The new Directive on Markets in Financial Instruments (hereinafter MiFID II) and the Regulation on Markets in Financial Instruments and amending Regulation 648/2012 (hereinafter MiFIR) have been published in the Official Journal of the European Union on the 12 of June. (For more information on MiFID II/MiFIR processing and on ESMA consultations papers about level 2 development provisions, see first paragraph of the previous item on market structures).
The most relevant aspects of the new rules on investor protection are:
1. Extending the scope of MiFID II/MiFIR to cover financial products previously outside the scope of MiFID I. The sale of structured deposits is now subject to the conduct of business and conflict of interest rules, and investment products based on insurance will be subject to some of the information to clients and conflict of interest requirements.
2. Amendment of conduct of business requirements in order to grant additional protection to investors by:
- restrictions on the inducements regime
- allocation powers for the authorities to intervene products and services
- new obligations on government products
- improvements in the system of protection of client assets
- more detailed regulation of best execution
- more reporting requirements on fees and charges to customers
- new requirements for independent advice
3. Strengthening organizational requirements of the Investment Firms for the provision of services to investors. The involvement of senior management body in the design of products and services and the adoption of internal controls is enhanced. Criteria of good repute and experience are required from all board members regardless their functions. A mandatory common telephone and electronic record is established at European level. MiFID II/MiFIR regulate the designation, registration and supervision of tied agents, and the provision of services by third country entities through the establishment of branches including the procedure for equivalence and the passports register.

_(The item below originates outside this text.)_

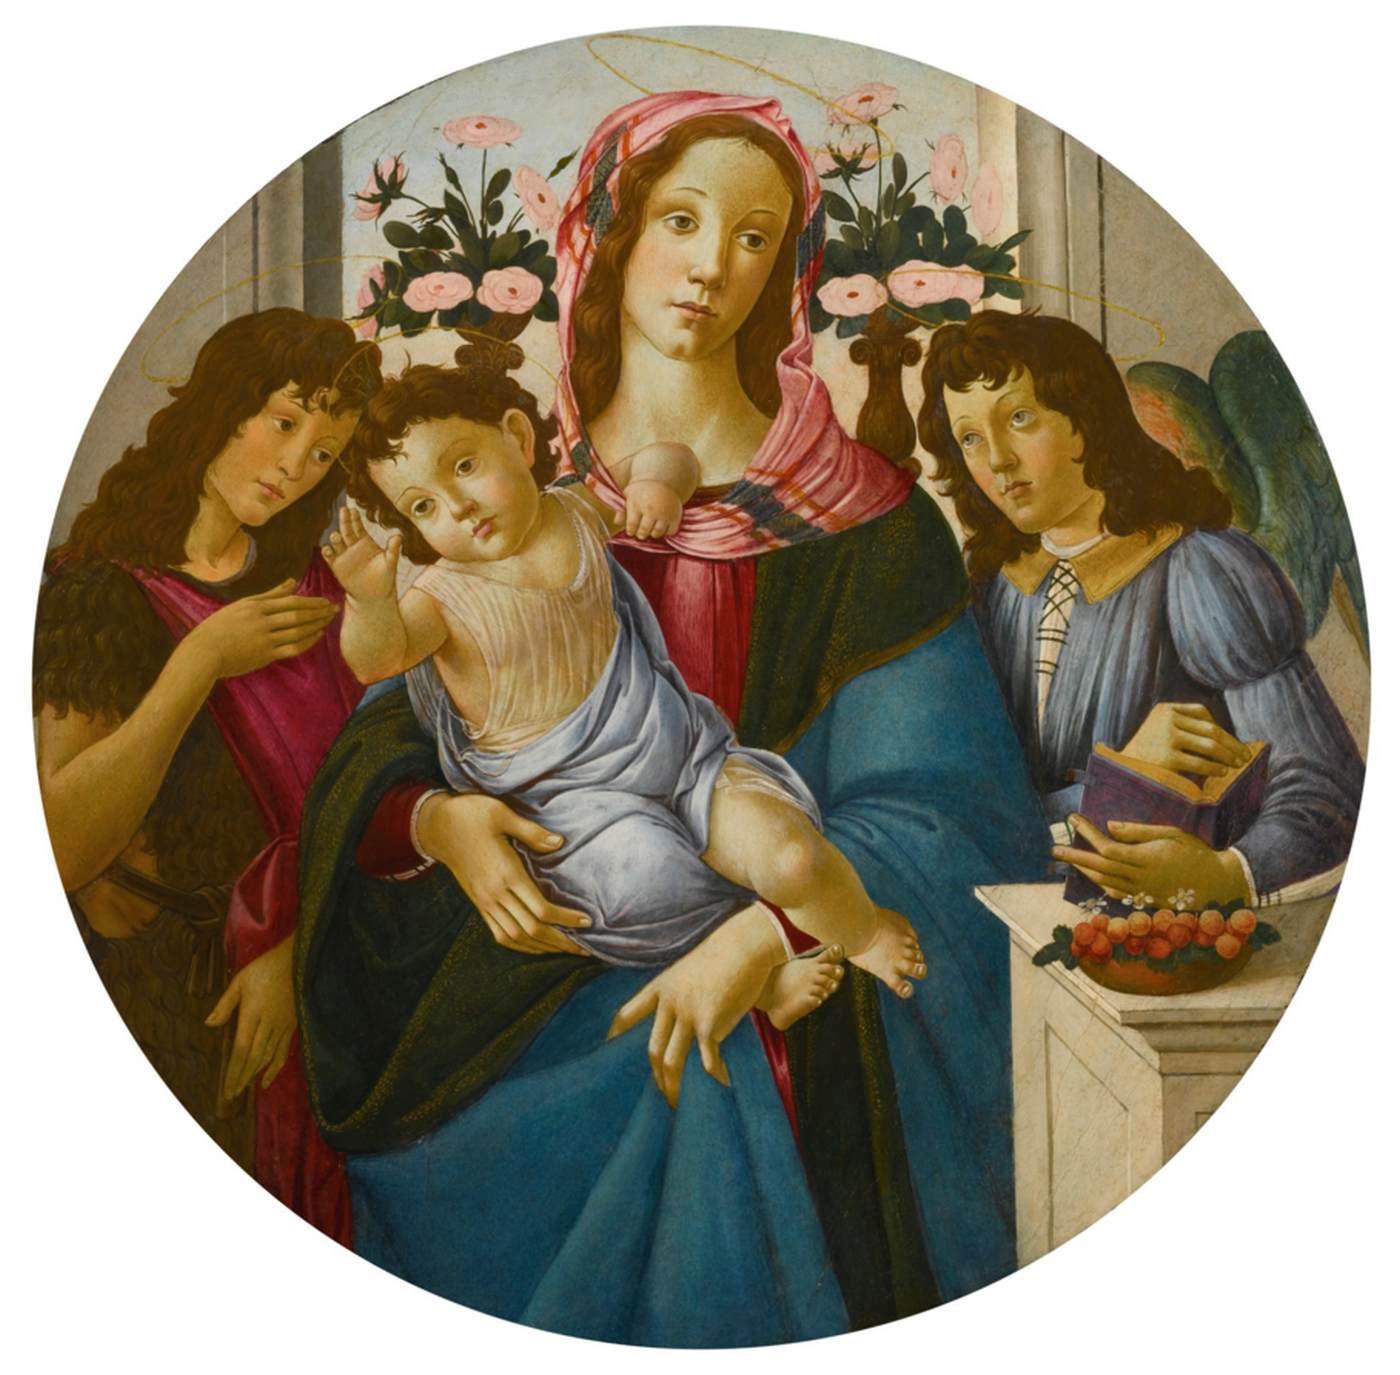 הבתולה והילד עם סנט ג'ון המטביל ומלאך

Below, we detail the most important changes listed in paragraph 2 introduced in the rules of conduct to increase investor protection:Restrictions in the incentives (inducements) regime.
Incentives are fees, commission or non-monetary benefits paid or provided to/by a third party which, in general, are not allowed unless it: a) increases the quality of service provided to the client (criterion of "increased quality") and; b) does not impair compliance with the investment firm´s duty to act honestly, fairly and professionally in accordance with the best interest of its clients.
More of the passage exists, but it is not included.